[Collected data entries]

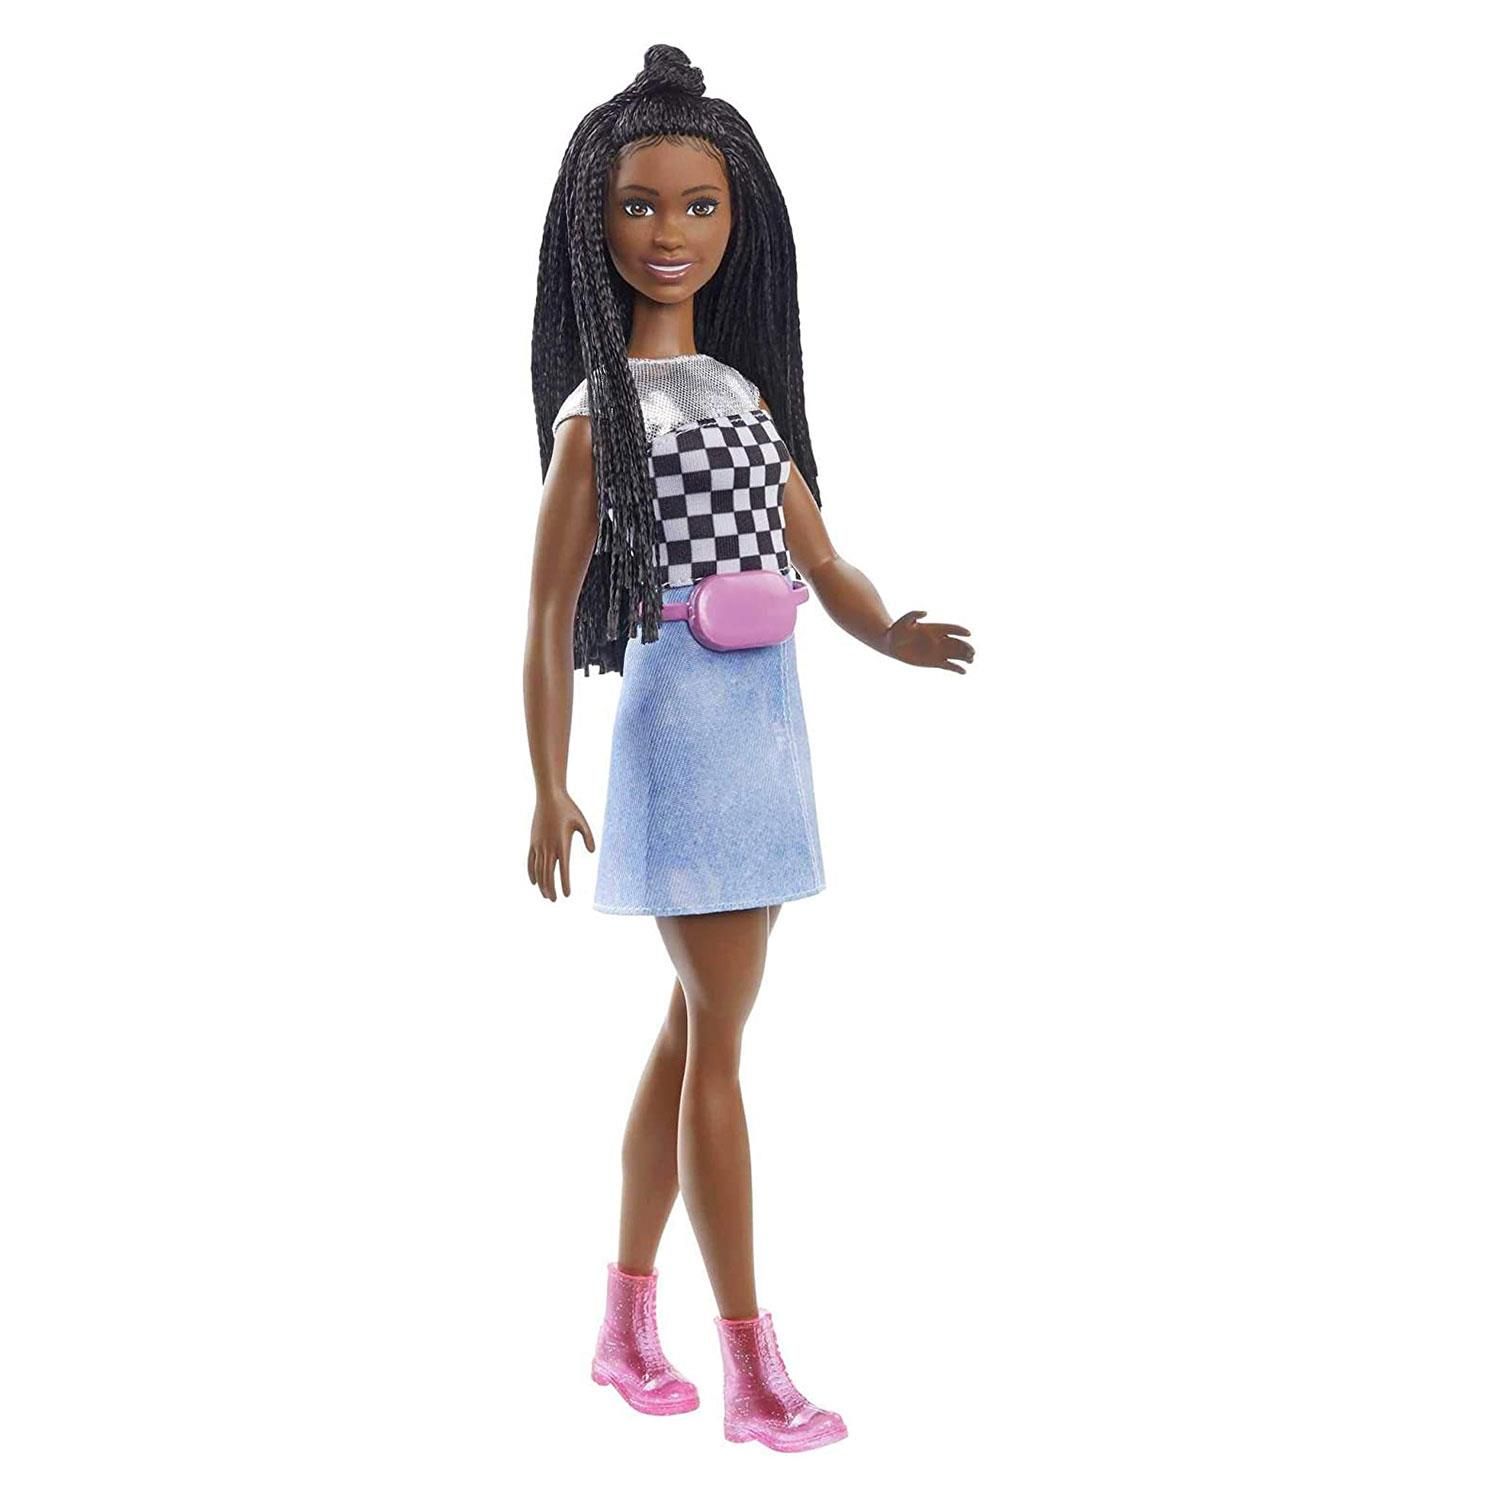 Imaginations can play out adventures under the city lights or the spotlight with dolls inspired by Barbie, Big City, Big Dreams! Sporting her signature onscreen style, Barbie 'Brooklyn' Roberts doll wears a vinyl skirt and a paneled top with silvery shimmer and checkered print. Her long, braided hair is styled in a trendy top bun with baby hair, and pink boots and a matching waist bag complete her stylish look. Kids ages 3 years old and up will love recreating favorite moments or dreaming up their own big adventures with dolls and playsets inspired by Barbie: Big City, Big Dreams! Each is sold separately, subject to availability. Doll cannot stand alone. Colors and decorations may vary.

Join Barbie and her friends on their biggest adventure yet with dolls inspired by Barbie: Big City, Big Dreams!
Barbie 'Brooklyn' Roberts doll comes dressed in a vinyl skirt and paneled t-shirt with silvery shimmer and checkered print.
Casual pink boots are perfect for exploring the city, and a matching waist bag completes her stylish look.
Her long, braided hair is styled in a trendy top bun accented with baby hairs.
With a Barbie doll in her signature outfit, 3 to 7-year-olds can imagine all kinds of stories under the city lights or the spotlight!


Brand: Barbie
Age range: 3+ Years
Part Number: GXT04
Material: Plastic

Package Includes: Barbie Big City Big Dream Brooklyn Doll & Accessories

Problem details:
Copying begins at the line that holds "Age range: 3+ Years" and ends at the last line of the data above, with both included and each line kept exactly.

Finished task:
Age range: 3+ Years
Part Number: GXT04
Material: Plastic

Package Includes: Barbie Big City Big Dream Brooklyn Doll & Accessories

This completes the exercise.